-1

So my task is to break a dataframe of 506 observations into ten different samples of training and test sets (with replacement). I'm doing this so I can put it through a model and see the average MSE over ten samples. Thus far, I've got the following idiotically complicated for loop:

temp_train<- setNames(lapply(1:10, function(x) {x <-homeprices[sample(1:nrow(homeprices), 
.8*n, replace = FALSE), ]; x }), paste0("tr_sample.", 1:10))
for (i in 1:length(temp_train)) {
  assign(paste0("df_train_", i), as.data.frame(temp_train[i]))
  name<-assign(paste('df_train_', i, sep=''), x[i])
  temp_test<- setNames(homeprices[-name], paste0("te_sample.", 1:10))
  alpha<-assign(paste0("df_test_", i), as.data.frame(temp_test[i]))
}

This for loop produces say df_test_2, which is a data frame of 506 observations of one variable. It SHOULD be a dataframe of 102 obvs of 13 variables, namely the 102 observations that are NOT in df_train_2. My question therefore is what's a better way to do this that actually works? I would prefer to not install any packages if possible since I want to get a grasp of base r.

CapnShanty
  • 529
  • 8
  • 20

1 Answers1

1

A common (and efficient) strategy for handling this type of task in base R is not to create each individual data frame, but to simply create a set of indices that define the partition.

For example,

x <- replicate(n = 10,expr = {sample(506,404)})
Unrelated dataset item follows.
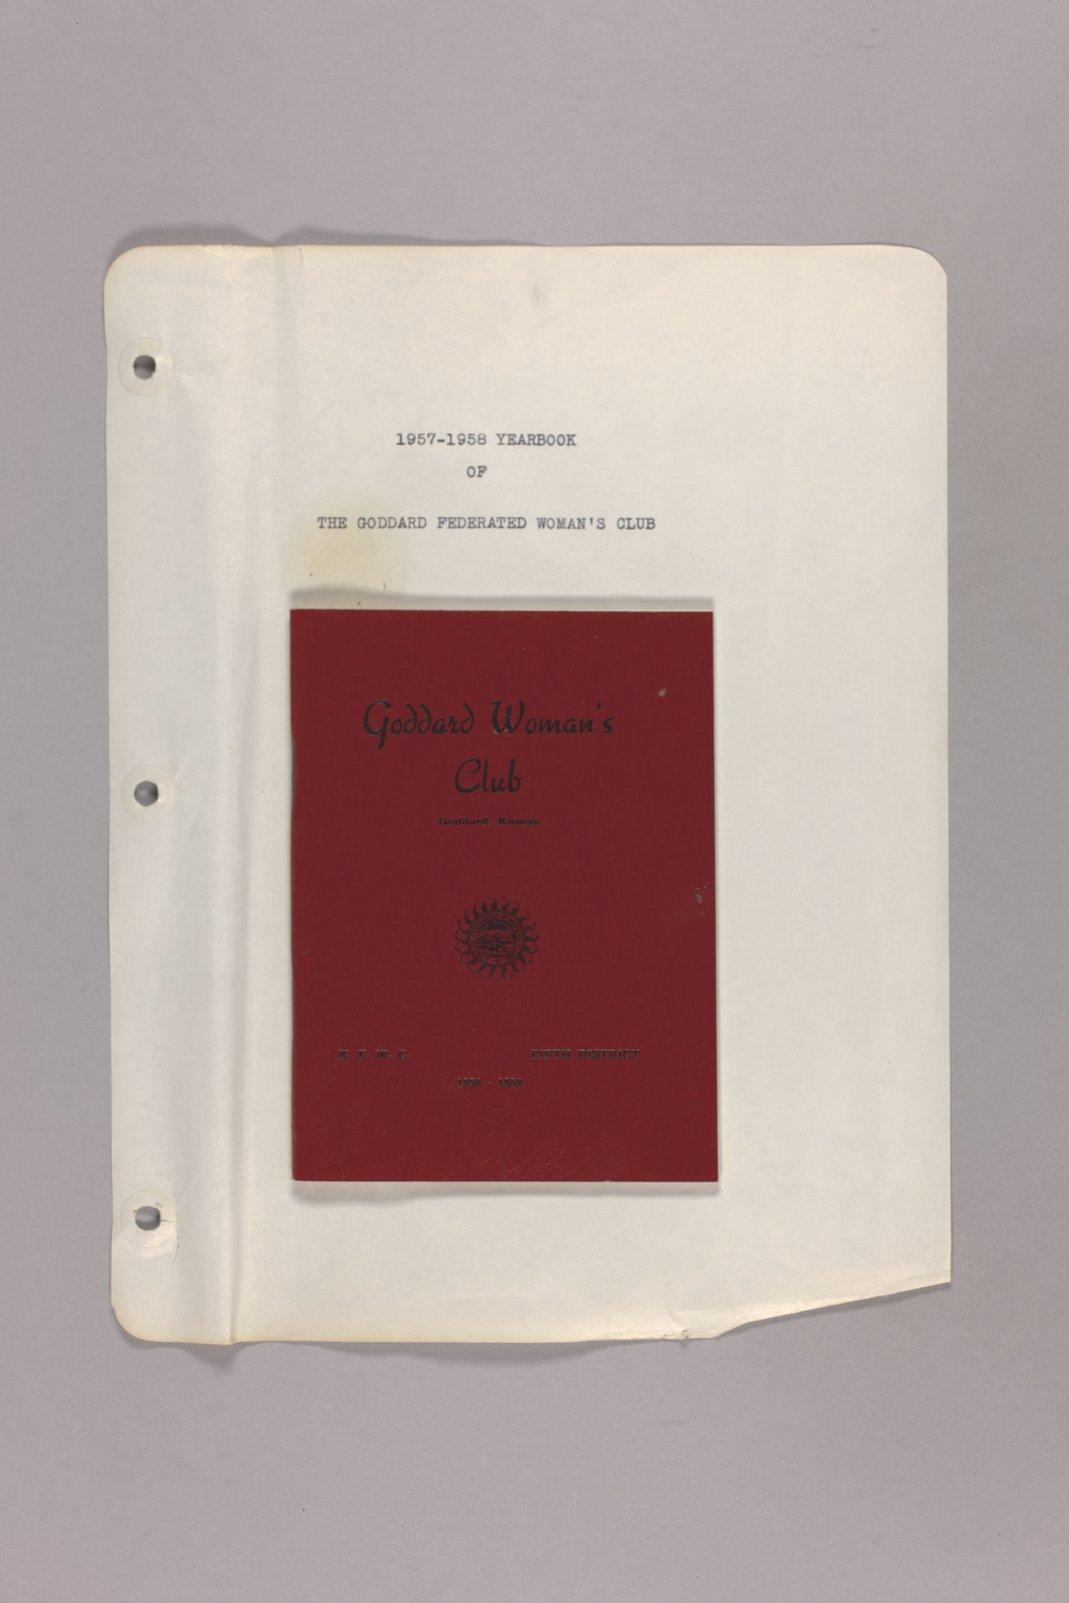 Goddard Woman's Club pressbook - Yearbook: 1957-58

creates a matrix where each of the ten columns is filled with the row indices of a random selection of 404 rows (80% or so of 506). Then you'd loop through your model fitting and use the columns of x to select the training subset of your data that you pass to your model. Negative indexing of the same indices would yield the corresponding 20% for testing.

This way you don't have tons of copies of data frames lying about.

joran
  • 169,992
  • 32
  • 429
  • 468